Cloud Atlas

Tremendous independent work by Wachowskis and Tykwer, spanning six stories and several centuries.

Directors: Andy and Lana Wachowski, Tom Tykwer | Stars: Tom Hanks, Halle Berry, Hugh Grant, Jim Sturgess

Budget: 100 million | Box office: 65 million

IMDb: 8.2 | Metacritic: 55

Cloud Atlas, Wachowskis, Tykwer

I‘ll start from a galaxy far far away, but bear with me. Watching a movie Fanboys several years ago made me think which movie of all is the most important for me, made the biggest impact. After long and serious thinking the decision came clear – The Matrix. I‘ll spare the details why, maybe there will be a chance to talk about it some other time, but it‘s relevant now, because since then I was waiting for what Wachovskis can think of next. I didn‘t hate Speed Racer like many people, but it was just a little fun experiment in a long period of silence. There were some rumours about them taking a strange story in future Iraq war, even talk about Wachovskis directing the new Superman reboot, but (thankfully) it never happened. So the minute I found out about Cloud Atlas project, I started to search for the book.

David Mitchell‘s novel is a must read in order to enjoy the movie and grasp what is going on in these so different six worlds and stories, separated by hundreds of years. The novel for me was an interesting experience, because I decided not to read it, but to listen for an audiobook. Available from iTunes, the audiobook is narrated by six readers, different one for each story, and it‘s really a great way to enjoy the richness and difference of each chapter‘s style and language features.

Because of that huge difference there was much sense to split the movie direction into two teams – one Wachovskis and one Tom Tykwer‘s. The siblings directed the oldest story in 19th century South Pacific ocean and, predictably, the two future stories in the futuristic Neo Seoul of 22nd century and Hawaiian Islands in post apocalyptic world (probably 24th century). Tykwer was responsible for middle three stories: two in the 20th century and one in 2012. I don‘t think there‘s much point of telling the stories themselves – even the glimpse of them would take lots of time. So better to focus on the movie itself.

The production of Cloud Atlas was quite unique. Not only it was created by two separately working teams, but it was financed from independent sources and thus it‘s one of the most expensive independent movies ever made, already called the biggest German production blockbuster. It may sound like not a big deal, but to raise 100 million from various independent sources is a huge task and because of that the movie was even considered dead for few times. Only the actors‘, especially Tom Hanks‘, and other crew enthusiasm kept it going.

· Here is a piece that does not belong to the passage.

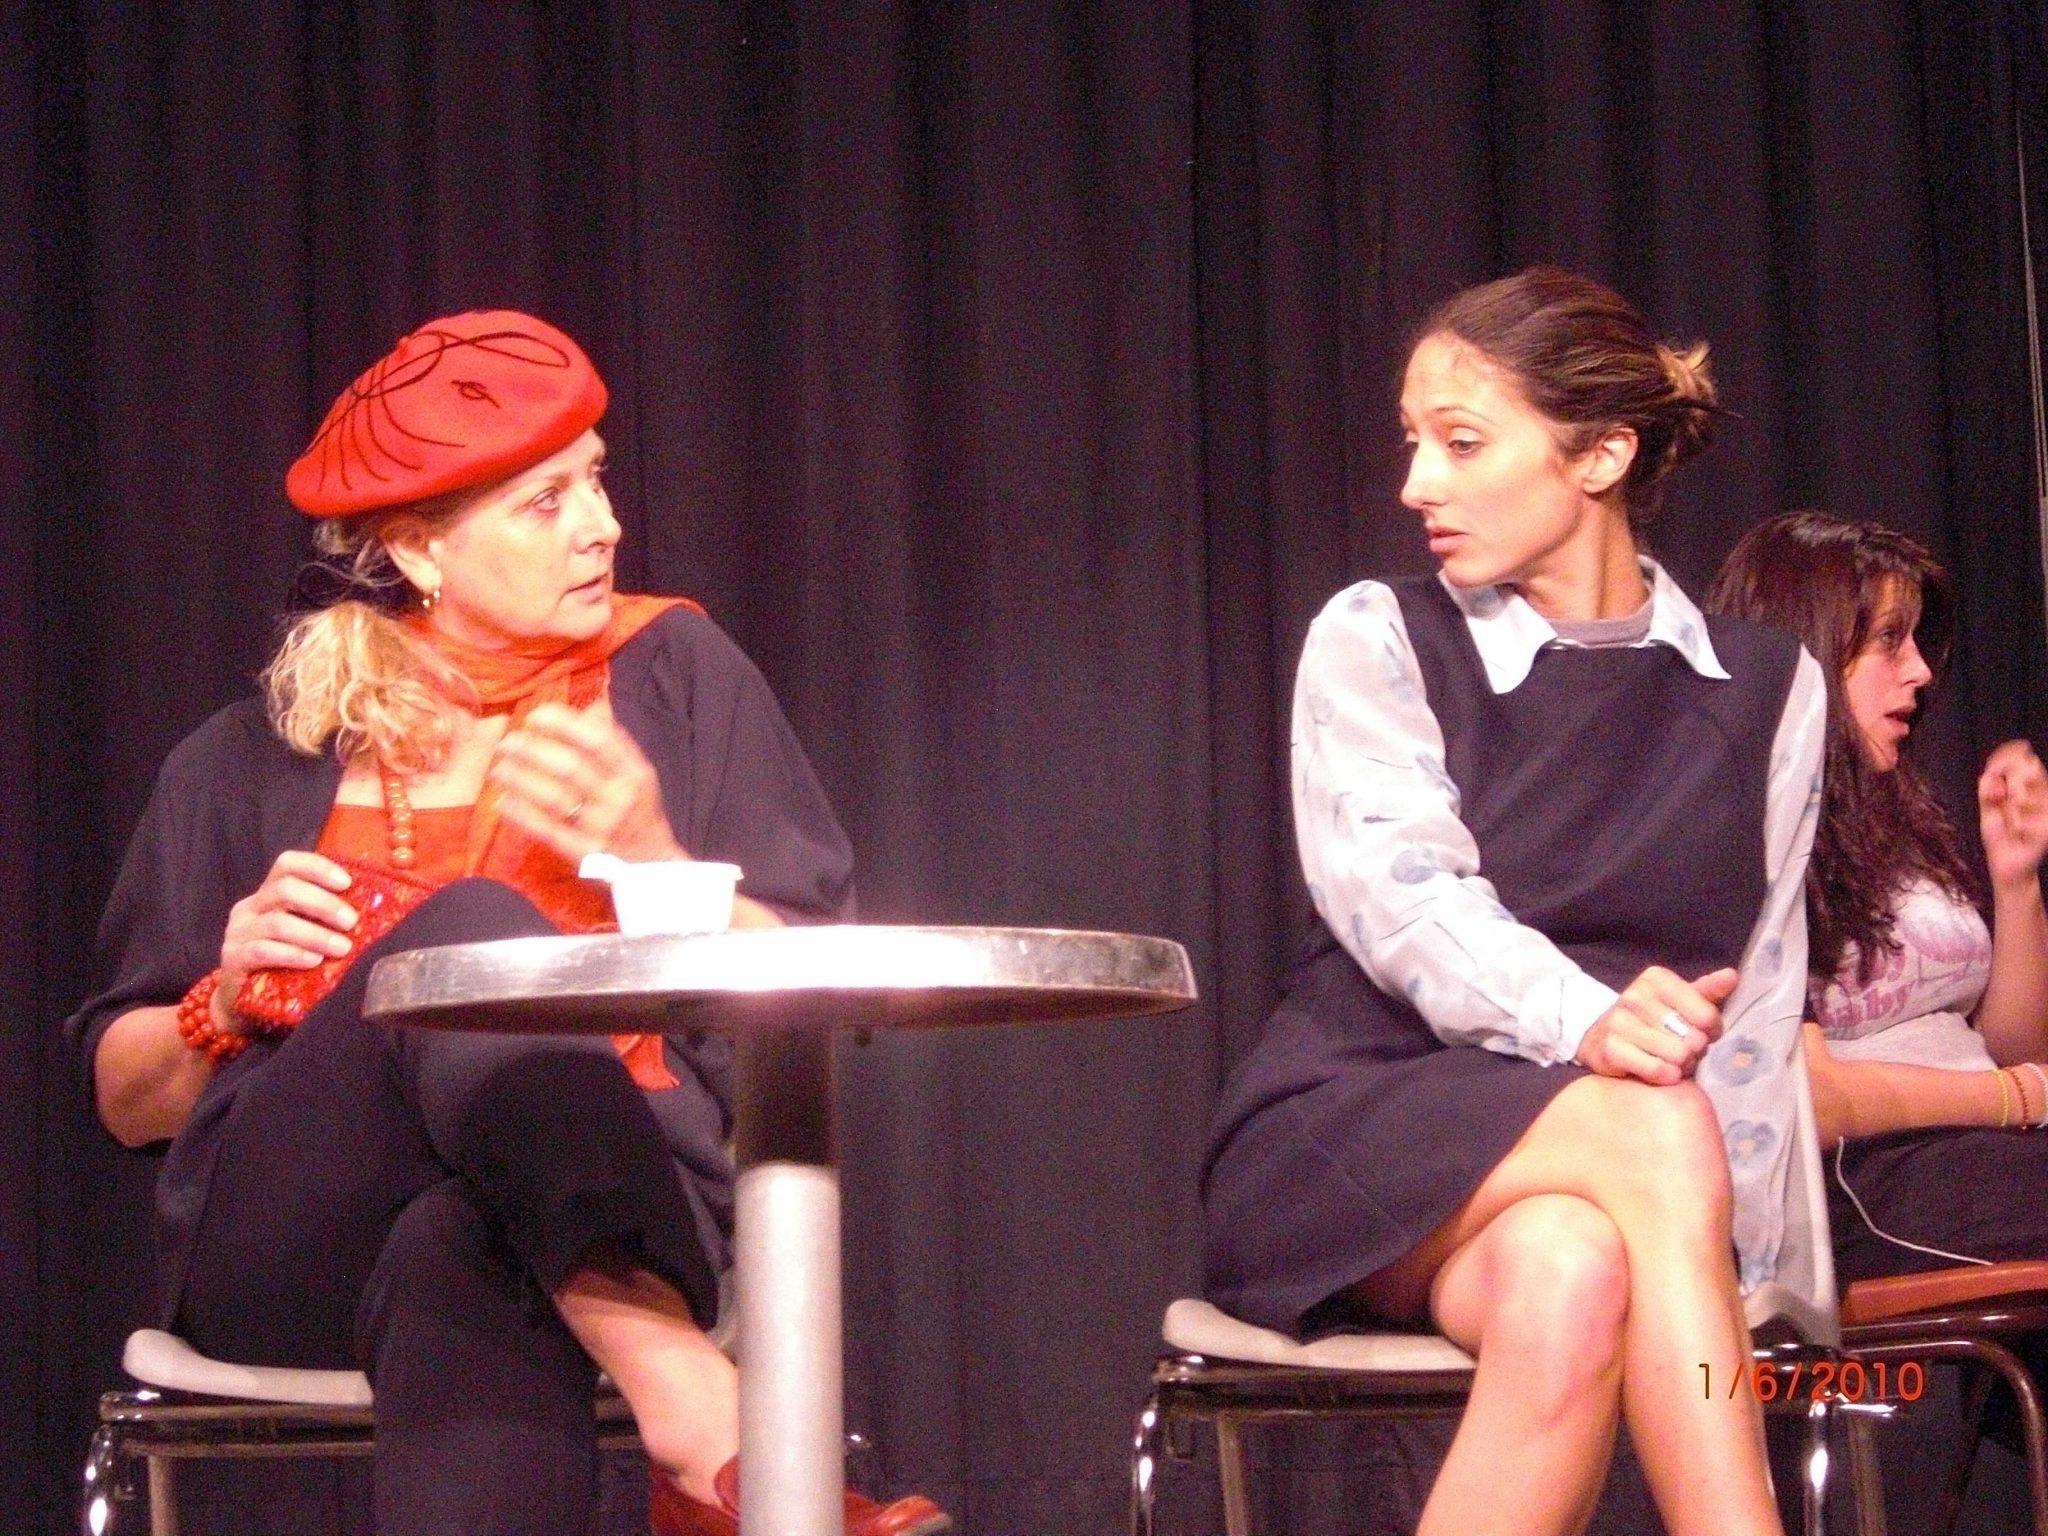 """""""Mardi, c'est théâtre"""" dans """"Diablogues"""" (Juin 2010) 13"""

Another cool and interesting decision probably comes from the lack of finance and difficulties filming an independent production with high profile stars, but nevertheless it‘s really impressive. All of the main actors played several roles in Cloud Atlas, from major to minor ones. And the people to praise here are not only the actors themselves, but also the make-up teams. They must get an Oscar at least for that! It‘s really interesting to try and guess which actors play what roles in different segments and at the end is surprising to see them revealed.

Seeing the same actors helps to connect the different Cloud Atlas stories together much better than when you read the book. I guess the hard task for directors was to find more ways to present the picture as a whole and not just as separate stories. That‘s why the structure of the movie is much different from the book. In the novel the stories begin consequently, are interrupted in the middle of them until the book reaches the final sixth story, and then goes backwards in time and finishes each episode. It‘s a bit complicated approach and it makes hard to remember details from the beginning in the end of the book. So the movie approach when everything happens at the same time is much more suitable. At times it‘s a bit hard to adjust and it seems that you‘re watching a never ending trailer, all the events are important and there are no follow ups between the scenes, but that‘s the price to pay for such huge story. And the film is edited masterfully, again stressing the connections between different worlds and characters. Thankfully, distributors didn’t cut on the film‘s running time and the three hours really take you on the breathtaking journey from 19th century sailboat to neon flashing futuristic Seoul and the savage world „after the fall“, and all this epic trip is accompanied by wonderful soundtrack.

Just take it with consideration and please read or better listen to David Mitchell‘s novel – I can‘t really imagine watching Cloud Atlas otherwise.